So, dividing by the total number of values directly is out. The original reason for why a normal SUM/COUNT solution was out was that SUM would overflow, but let's assume, for this question that SET-SET/SET-SIZE will underflow, or whatever.
The important part is that I cannot simply sum, I cannot simply divide by the number of total values. If I cannot do that, will my approach work, or not, and what can I do to fix it?
Let me outline the problem.
Let's assume you're going to calculate the average of the numbers 1 through 6, but you cannot (for whatever reason) do so by summing the numbers, counting the numbers, and then dividing the sum by the count. In other words, you cannot simply do (1+2+3+4+5+6)/6.

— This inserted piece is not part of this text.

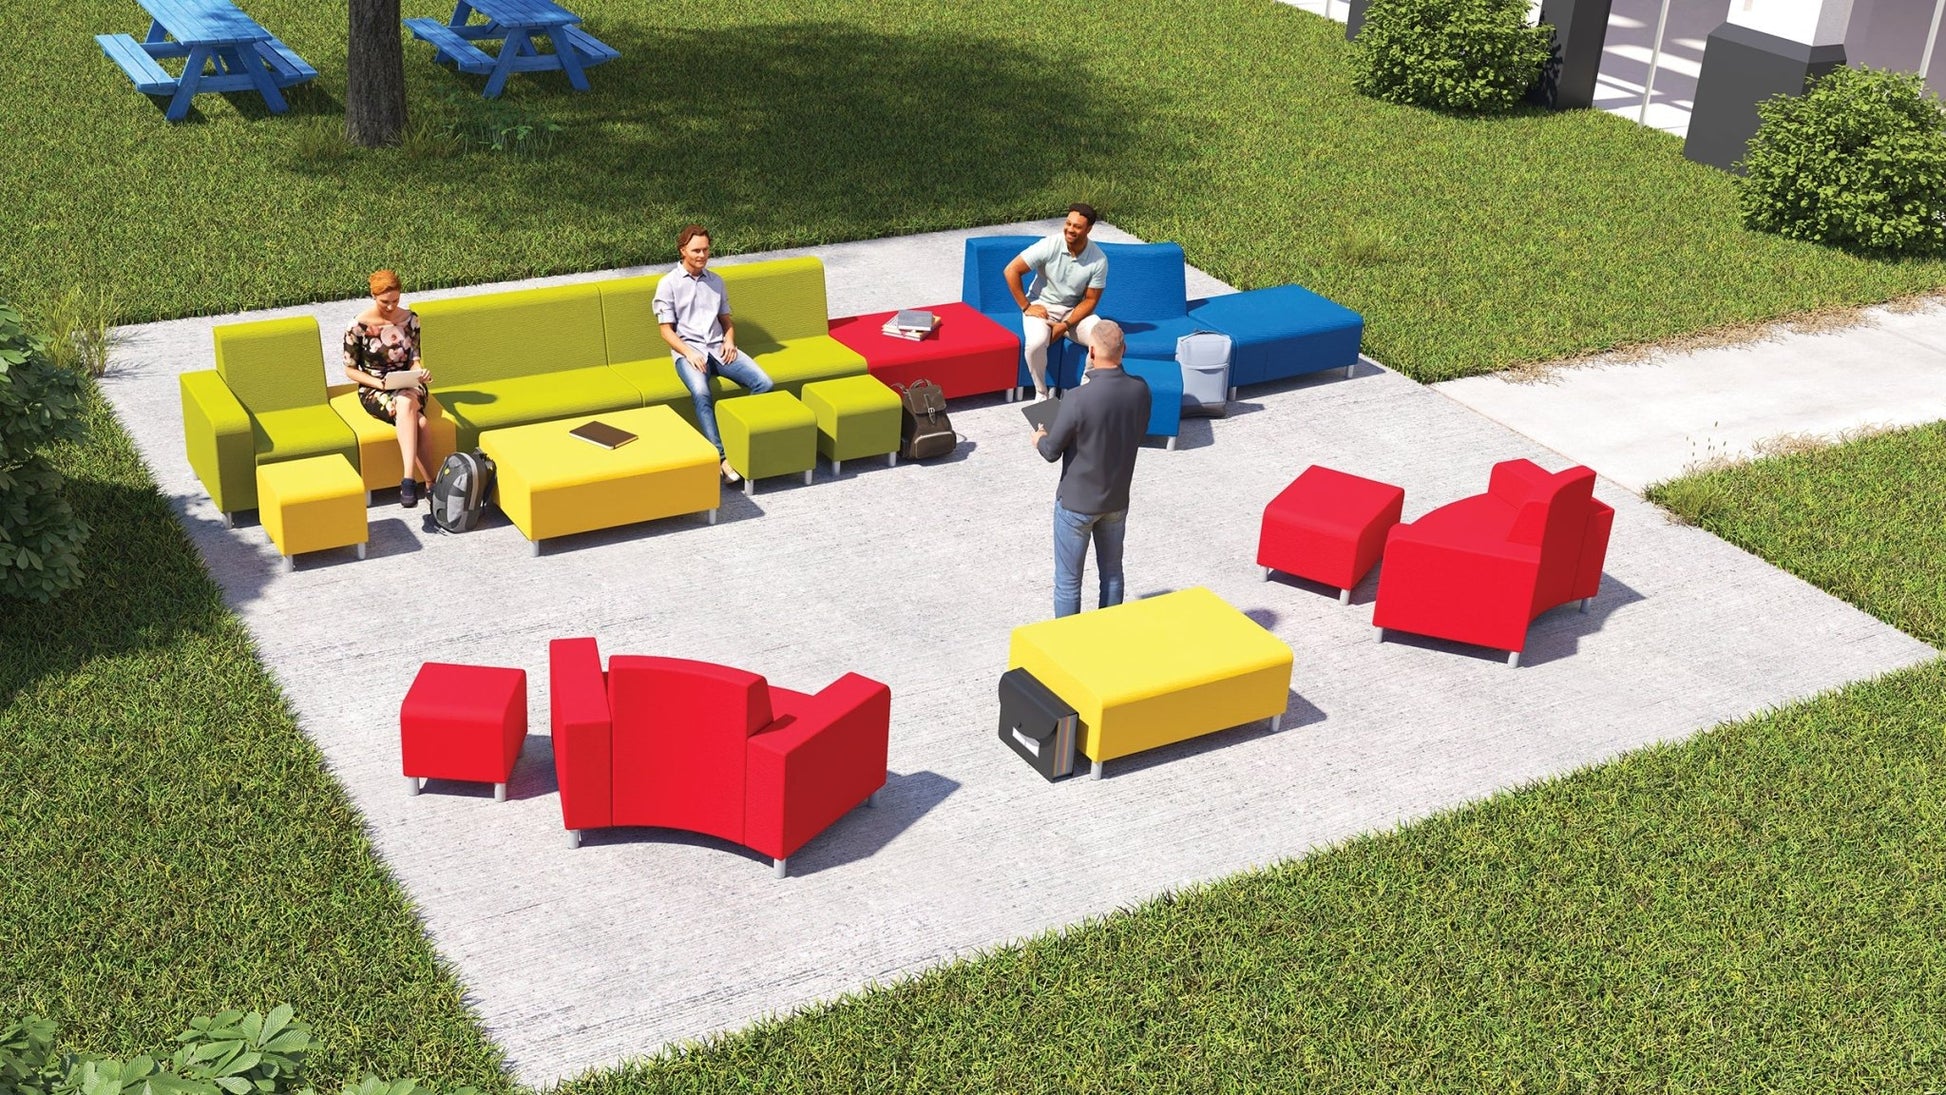 Mooreco Phoeby Outdoor Soft Seating - Outside Curve Loveseat Chair Left Arm - 18" Seat Height (PBA4L1L) - SchoolOutlet

In other words, SUM(1..6)/COUNT(1..6) is out. We're not considering NULL's (as in database NULL's) here.
Several of the answers to that question alluded to being able to split the numbers being averaged into sets, say 3 or 50 or 1000 numbers, then calculating some number for that, and then finally combining those values to get the final average.
My position is that this is not possible in the general case, since this will make some numbers, the ones appearing in the final set, more or less valuable than all the ones in the previous sets, unless you can split all the numbers into equally sized sets.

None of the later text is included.